C: Don’t have one. I like unicorns, rainbows, and glitter. I think all colors are created equal. I’m a very open book, and I use humor to buffer my insecurities.

Q: Oh yeah, that definitely comes out in some of your Youtube videos. When did you first realize that you were a Crybaby?

C: To be completely honest, I had a mental breakdown over the fact that somebody squished a ladybug over a summer vacation. That was when I realized I was a little more sensitive than everybody else.

Q: How did you find out about, and become a member of the Crybaby Club? What do you love most about it? If you had to sum up the Crybaby Club, how would you describe it in a few sentences?

C: My friend told me that it was an amazing support system for her, and knowing that I myself need support from time to time, it seemed like a wonderful community. I love that people are so vulnerable. I do a lot more reading than I do sharing, but seeing other people talk about the things that I internalize is really refreshing – it reminds me that even if it isn’t something that I can talk about at this point, I’m still not alone in it, and that’s really reassuring. It’s a community where people are allowed to cry on each other’s shoulders and heal together, and it really puts things into perspective. Makes me feel important, because I realize that there are some situations that I can have an impact on because of my past experiences. It makes me feel really connected.

Q: What is your favorite thing about yourself?

C: It can be good and bad – but it would probably be my spontaneity. Actually, I don’t mean to toot my own horn, but I really admire and respect the love that I have for others. Because I genuinely love many people in my life.

Q: Aww, I can definitely feel that. What are some things that you’re working on improving about yourself?

C: I’ve done a lot of growing throughout the past five years, but there are still a lot of things that I hold shame and guilt for. Some [things] are my fault; some are completely out of my control, yet I still feel guilty. I am working on releasing those negative emotions and attempting to grow from those experiences by opening up and trying my best to share those with others.

Q: Tell us one moment where you ‘cried but you did the thing anyway’.

C: I recently went through a breakup but I let the person go anyways, because it’s not my responsibility to make decisions for other people’s lives, and that was a beautiful growing experience. I grew more than I thought I would from that experience.

Q: What kind of crier are you? Silent? Wailer? Blubberer?

C: Both a silent crier and a wailer. Sometimes I cry silently, and just have a little emotional moment with myself, and feel like I’m in a movie and make a joke about myself to try and feel better. And then other times… We’re just talking tusks of snot. Here come the waterworks!

Q: How do you practice self-care? What are some of your favorite things to do? Do you have any guilty pleasures?

C: Indulging in my hobbies is something that I do for self-care.
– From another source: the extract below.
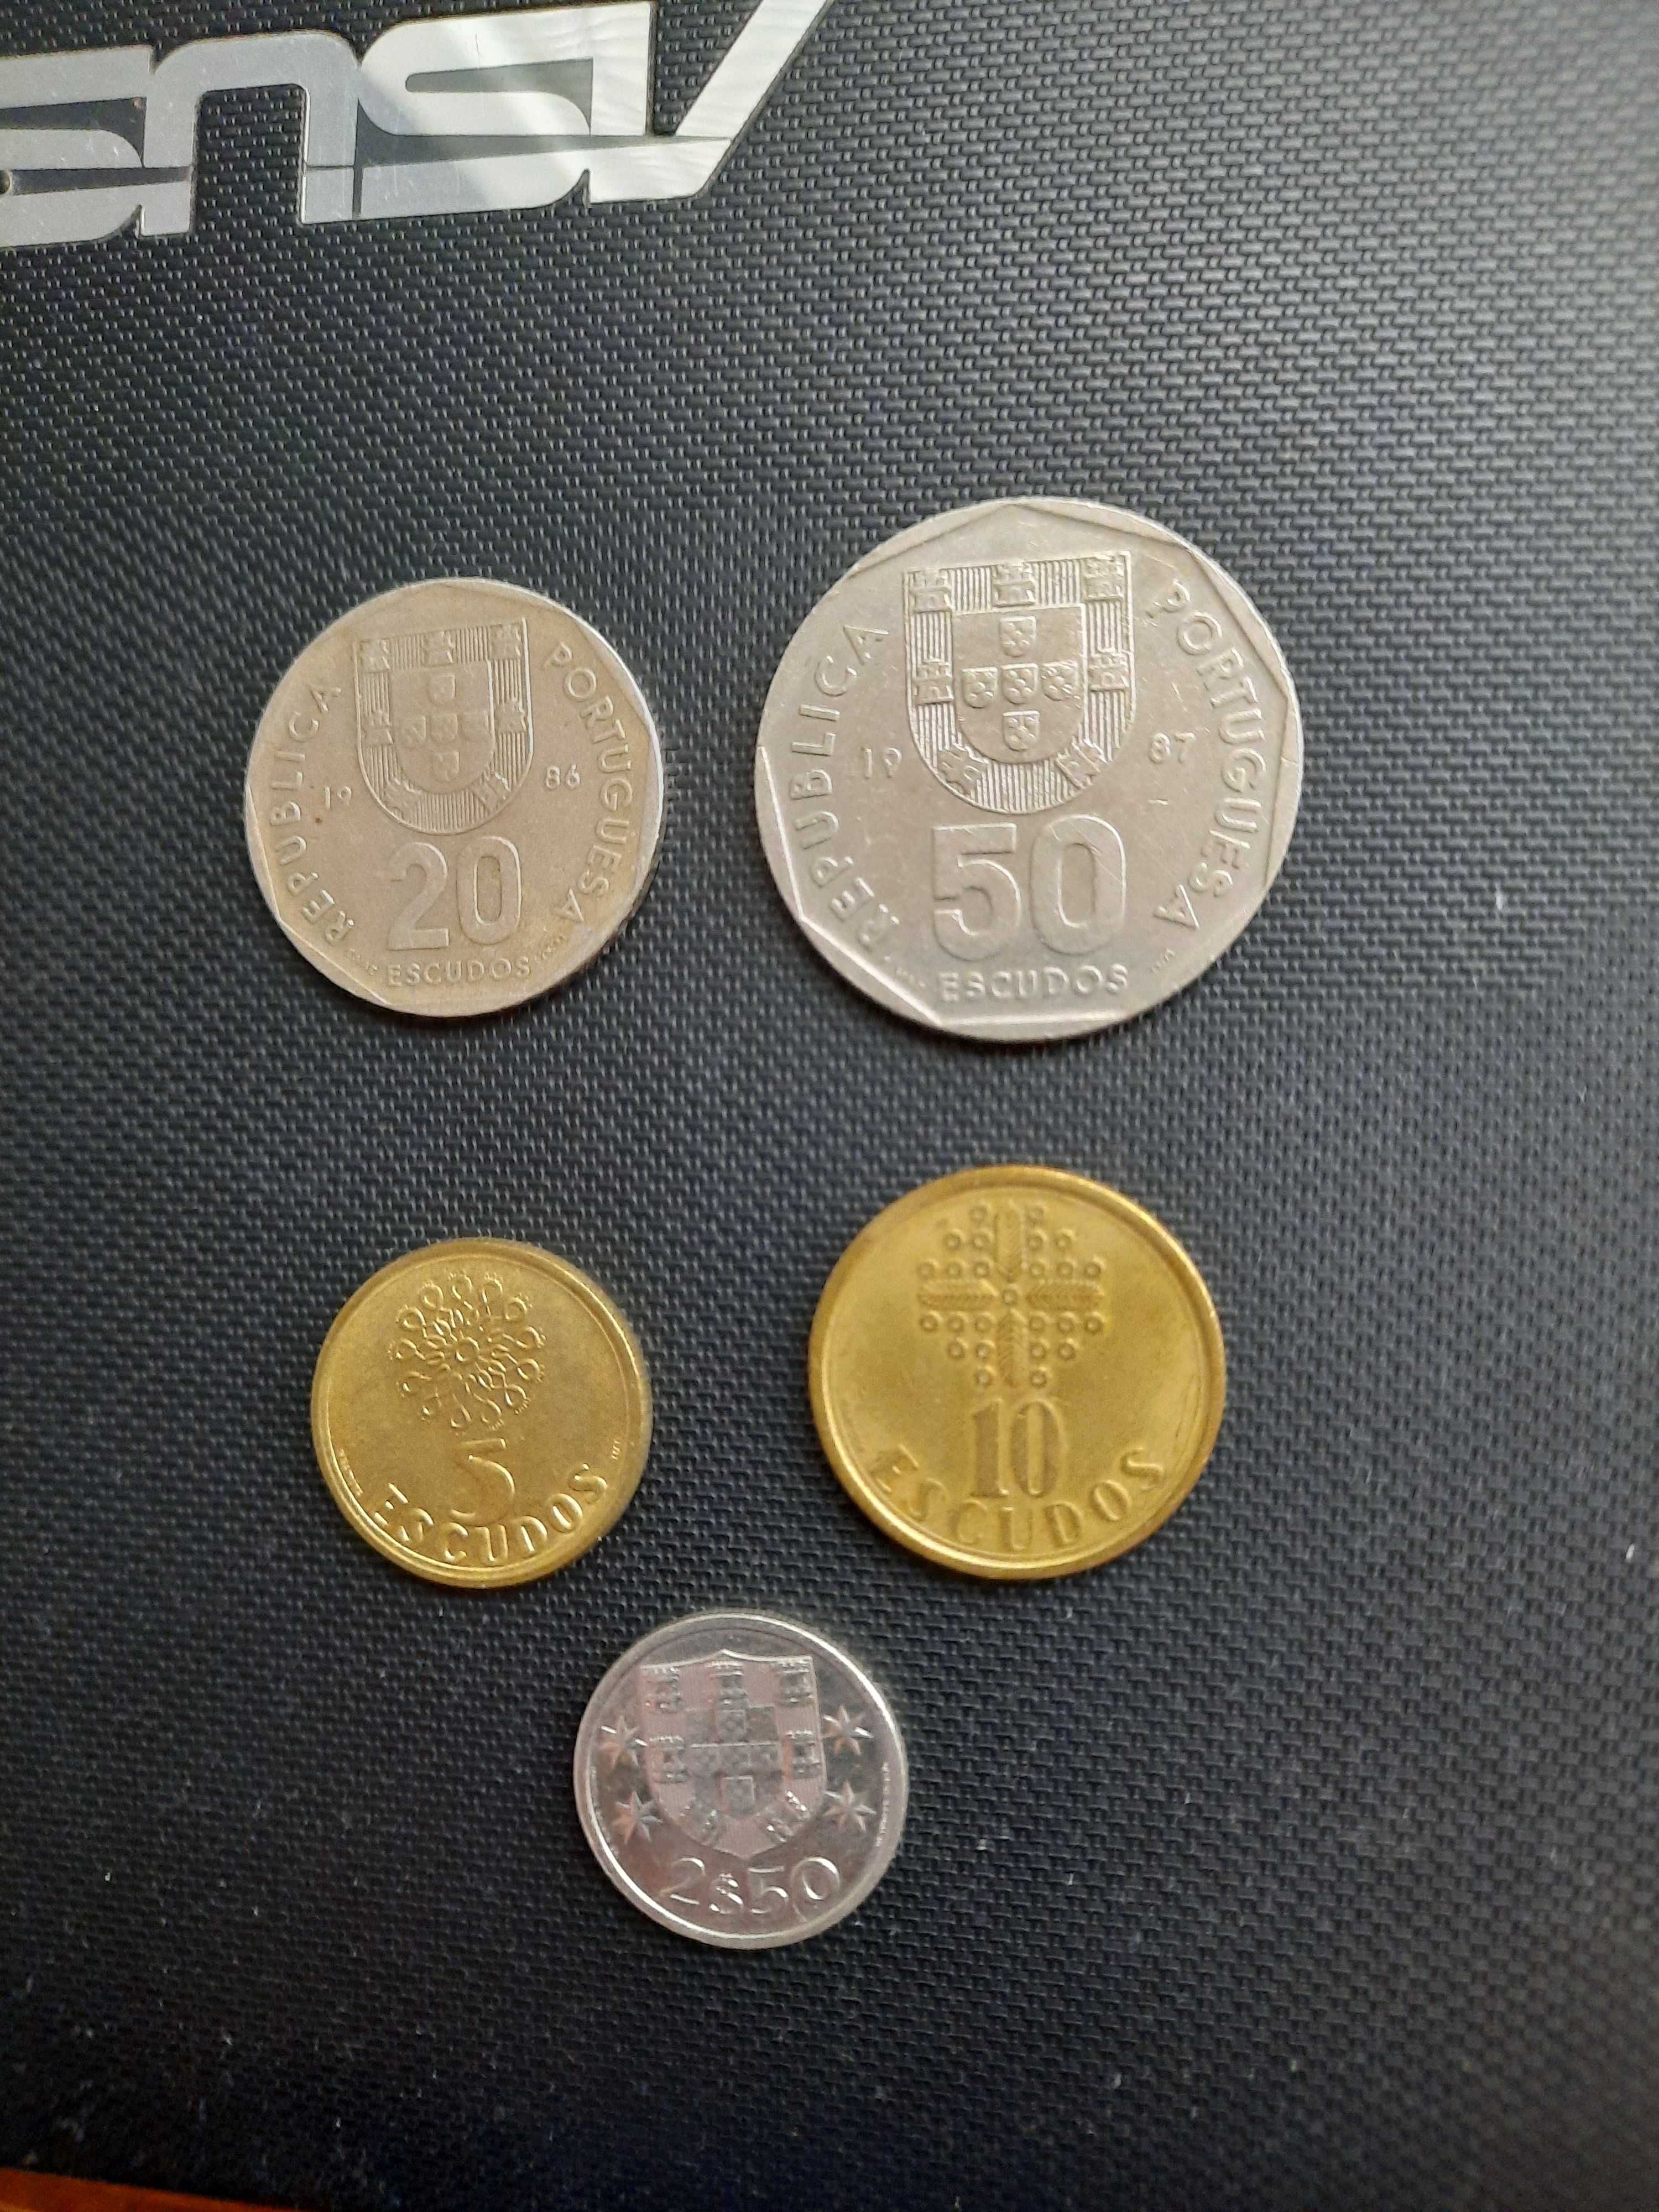 Лот монети Португалия

Taking time to learn something new, that I’m genuinely passionate about, that’s not due for a test or an assignment, and eating vegan cookies! As far as guilty pleasures… I like to pop my pimples. And it’s terrible to admit! Since acne is something I’ve suffered with and I’ve researched constantly and I know how terrible it is. There is something so strangely satisfying about getting rid of them.

Q: I’m sure every girl has experienced that at least one time or another in their life! Don’t sweat it, girl. If you knew that today was your last day on earth, where would you go? Who would you hug? What is the most important thing you would have to do?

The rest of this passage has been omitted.